Di joined the SOPH in 2015, having worked in our sister Department at the University of Cape Town for 25 years where she taught and researched in the Women’s Health Research Unit. Di’s focus on women’s health has included focusing on the social determinants, gender issues and sexual and reproductive health – engaging with issues like contraception, pregnancy and female cancers. More recently, her focus has been on the intersection between sexual and reproductive health (SRH) and HIV, particularly the SRH needs of youth living with HIV and teenage pregnancy. This has involved her internationally – for instance as a member of a Task Team based at Harvard University looking at maternal health and HIV. She has also worked with a number of local and international NGOs. For many years, Di participated in committees of the National Department of Health – and in the province, she was involved in the original rollout of the Termination of Pregnancy and in task teams addressing the integration of sexual and reproductive health and HIV. Di will retain research links with the SOPH during her retirement.

On 26 January 2021 we lost our colleague Sheryl Cordon who, together with Nadia Follentine, looked after the security in the School of Public Health building for many years. Having lost her husband to COVID early on during the pandemic, Sheryl also contracted COVID, developing complications which eventually overwhelmed her. Sheryl had worked at UWC as a campus security officer since 2012 and had been responsible for the SOPH building for much of this time. We all knew Sheryl as a quiet, always helpful, gentle presence in the School, and we miss her enormously.

Assoc Prof Lucia Knight

Lucia joined the SoPH as a senior lecturer in 2015 and was promoted to Associate Professor in 2019. She has been very involved in the research aspect of the Master programme, realigning the teaching of research and convening the Qualitative Research Methods module.
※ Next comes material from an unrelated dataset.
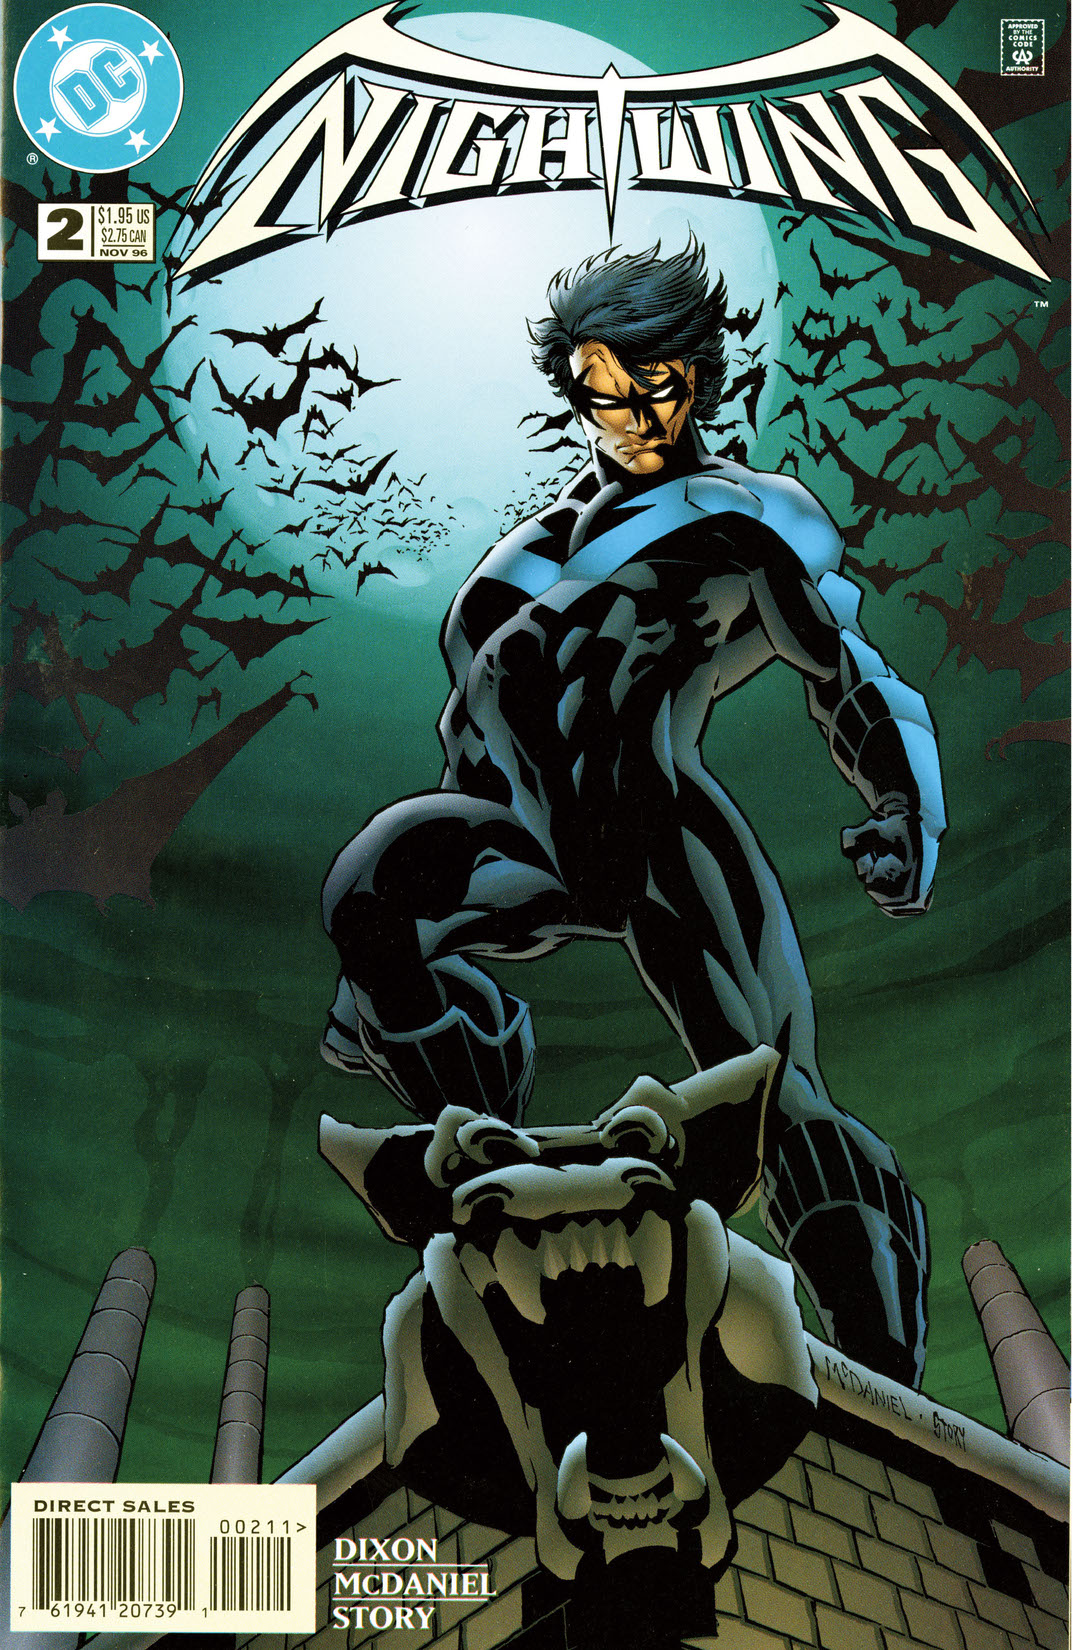 Nightwing (1996-) #2 preview images

During her six years at the School she supervised over 20 MPH and two PhD students, and was the Faculty Higher Degrees representative for a number of years. Alongside the opportunities the School provided to grow as an independent researcher, Lucia obtained funding for research, including for some large-scale internationally funded projects. Now at the University of Cape Town where she heads the Division of Social and Behavioural Sciences at their SOPH, Lucia is also an Extraordinary Professor at our School. She maintains three ongoing projects and four PhD students who will continue to completion under her supervision.

Dr Suraya Mohamed

Suraya moved from radiography into public health when she first enrolled in the School’s Postgraduate Certificate in Public Health. After graduating with her MPH in 2005, she joined the SOPH as a lecturer in health promotion, obtaining her PhD in 2015. Suraya’s work has focussed on health promotion. She was involved in convening several health promotion short courses at Winter School and MPH elective modules – and worked on the project on ‘The development of health promoting schools in addressing TB and HIV’. Her PhD thesis was on ‘Factors influencing the implementation of health promoting schools: A multiple case study of three secondary schools in a resource limited community in Cape Town’. This intersectoral project involved a multidisciplinary team from UWC, participants from the Western Cape departments of Health and Education, and the school management, staff, learners and parents from three Western Cape schools. More recently Suraya’s research interests have focussed on adolescent health and wellbeing, including sexual and reproductive health; and she was involved in several international projects including the Global Early Adolescent Study. For several years Suraya was the postgraduate-level co-ordinator in the School, overseeing the Postgraduate Diploma programme in particular. Her commitment to her colleagues, especially in mentoring new staff members, her teamwork and her roles as an educator and MPH student supervisor will be missed by everyone at SOPH.